Table 1 Number of copies and biological function of the putative cis-elements related to stress that were identified in the GmLSD genes promoters

Modulation of the expression of GmLSD genes varies in different organs and under different stress conditions

To examine the expression profile of GmLSD genes in different organs, for each gene, the lowest transcript level detected was used to normalize the transcript levels in other organs and thereby to quantify transcript accumulation (Fig. 4). Statistical analysis indicated that there was a significant association (p < 0.001) between the organ factors, except GmLSD6. GmLSD1 gene had higher transcript levels in roots, stems, leaves and flowers after fertilization, while GmLSD2 showed higher expression levels in roots, stems and flowers after fertilization. The transcript levels of the GmLSD3 and GmLSD5 genes were increased in leaves, while those of GmLSD4 were increased in roots, stems and pods. Transcripts of GmLSD6 were detected only in roots and flowers after fertilization. The expression level of GmLSD7 was higher in stems, pods and leaves. Lastly, the level of GmLSD8 transcription was elevated in stems. Interestingly, under our experimental conditions, the transcripts of most genes were not detected in flowers before fertilization. Exceptions to this were the GmLSD7 and GmLSD8 genes, in which the relative expression levels were statistically similar in this organ.

Fig. 4
figure 4

Relative expression levels of the GmLSD genes in different organs of the Conquista Brazilian soybean cultivar.
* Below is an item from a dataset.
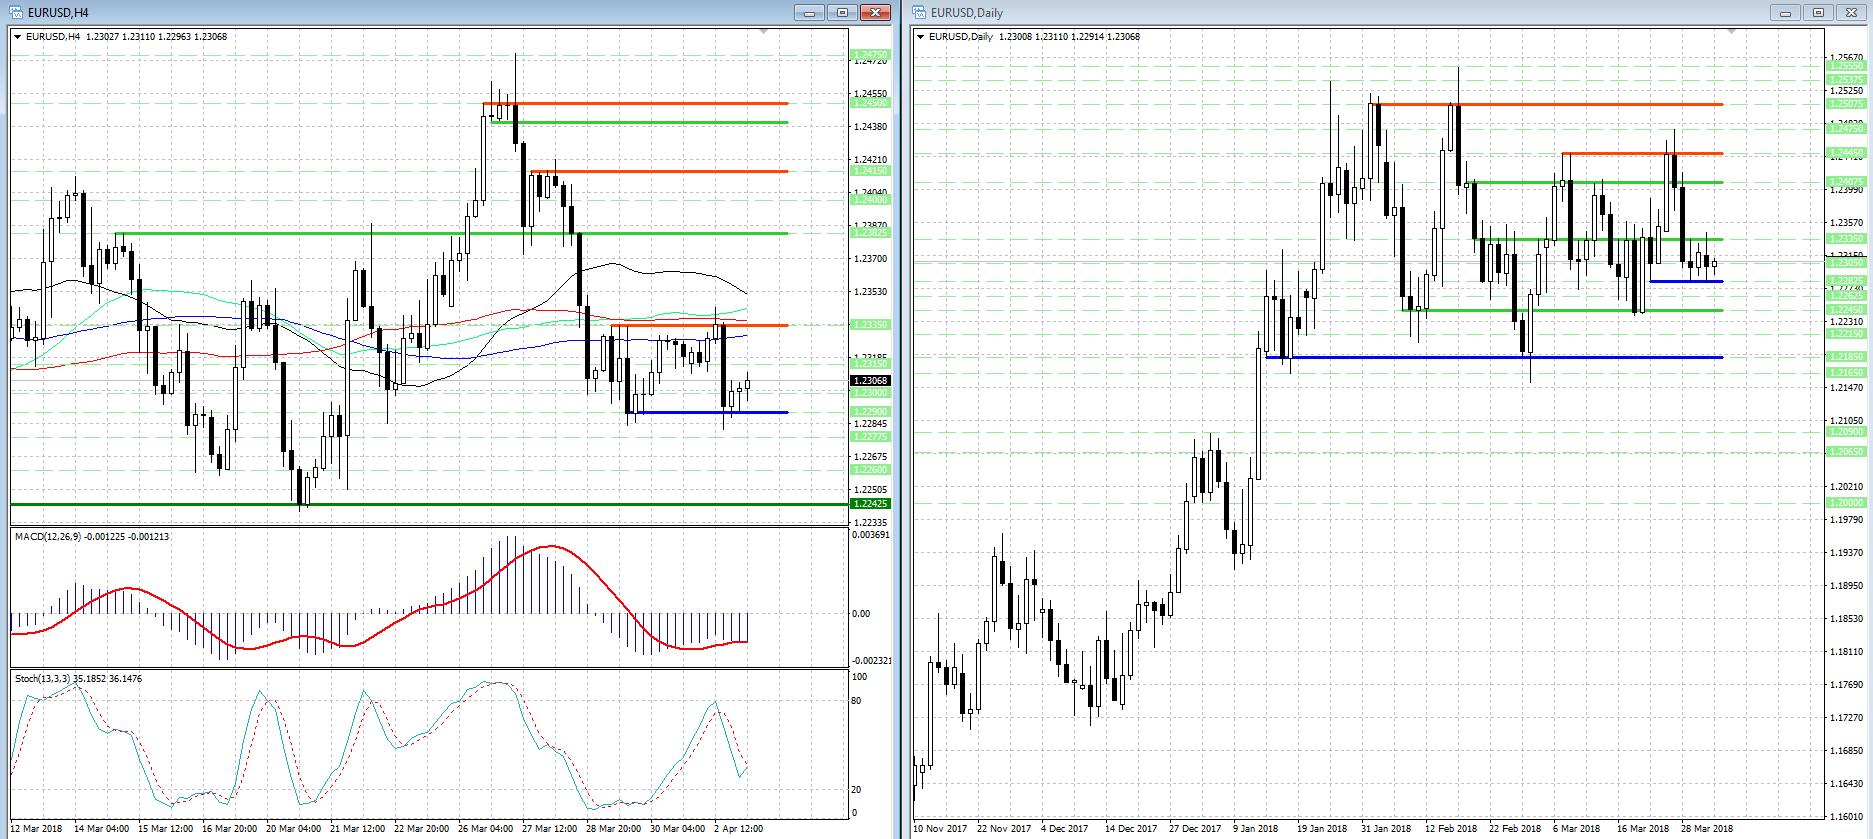 Выход из ценового диапазона 1.2290 - 1.2335 прояснит техническую картину в валютной паре EUR/USD...
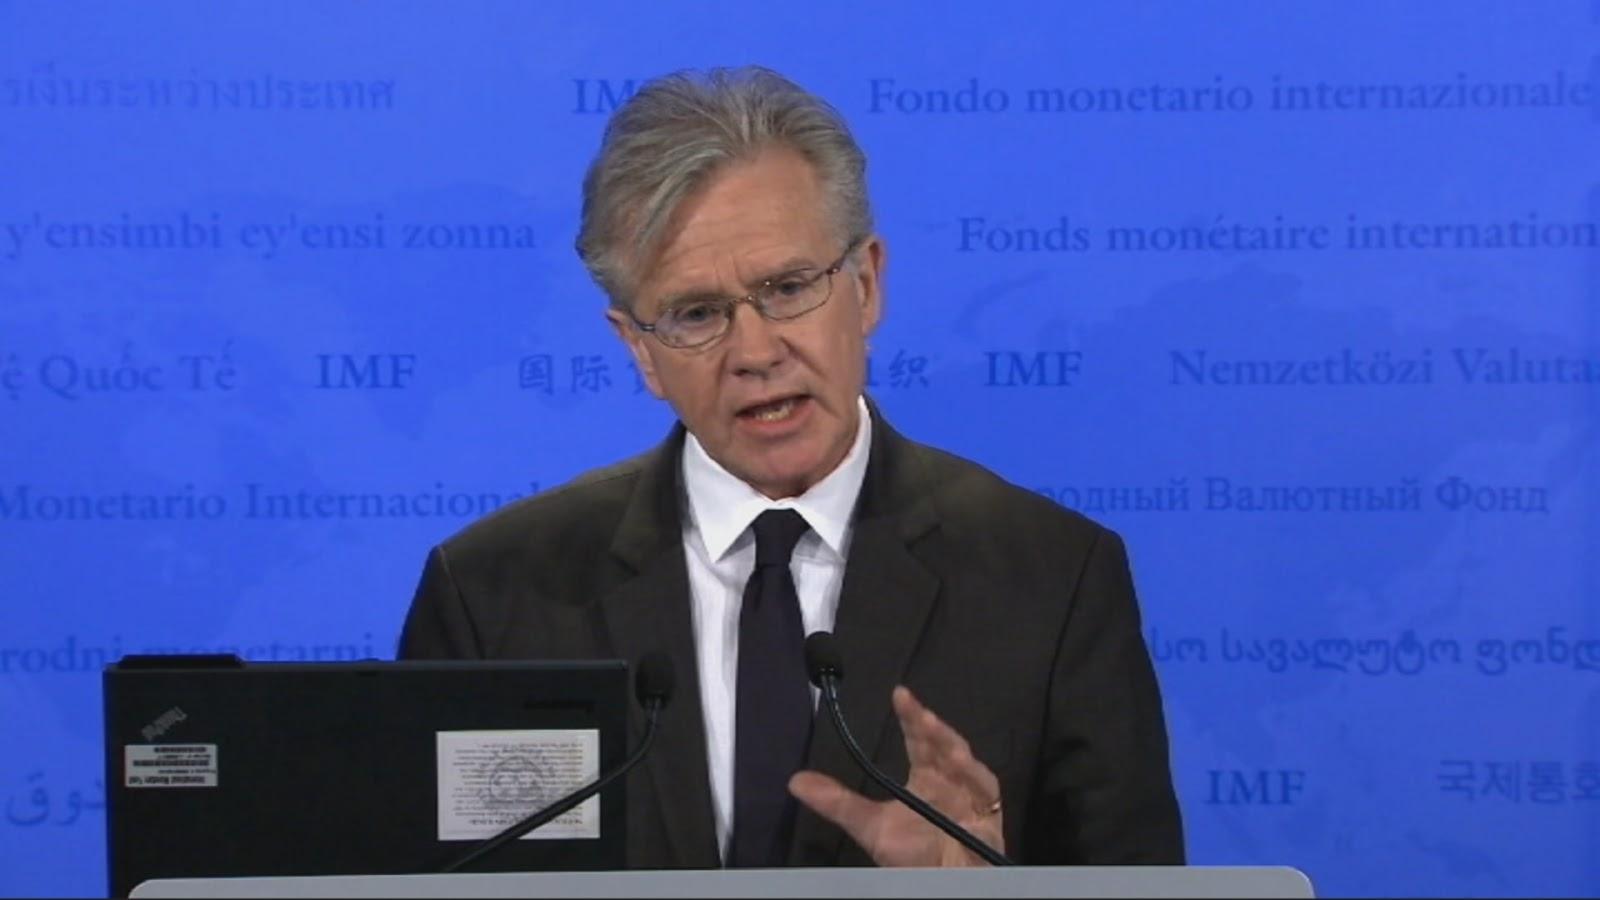 Ερμητικά κλειστά τα χαρτιά του ΔΝΤ για την Ελλάδα

The values are the means of three biological replicates with four technical replicates each. The means that are labeled identically (with a letter) do not differ significantly (Tukey comparison test, p < 0.05). The ACTII, CYP2, and metalloprotease reference genes were used as internal controls to normalize for the amount of mRNA present in each sample. For each gene, the lowest transcript level was used to normalize the transcript levels in other organs. To allow a better comparison of groups of genes with large differences in their expression levels, some graphs of fold-change are shown in log2 scale, and this is indicated at the y-axis. ND not detected

We also performed a comparative analysis of all GmLSD genes in each organ (Fig. S1). For each organ, the gene exhibiting the lowest expression level was used to normalize the transcript levels of the other genes. The statistical analysis indicated significant differences among the transcript levels of the different GmLSD genes in each organ (p < 0.001), with the exception of flowers before fertilization. The GmLSD8 gene exhibited peak transcript levels in all organs analyzed, but other GmLSD genes had the same high level of expression in leaves, stems and flowers before fertilization.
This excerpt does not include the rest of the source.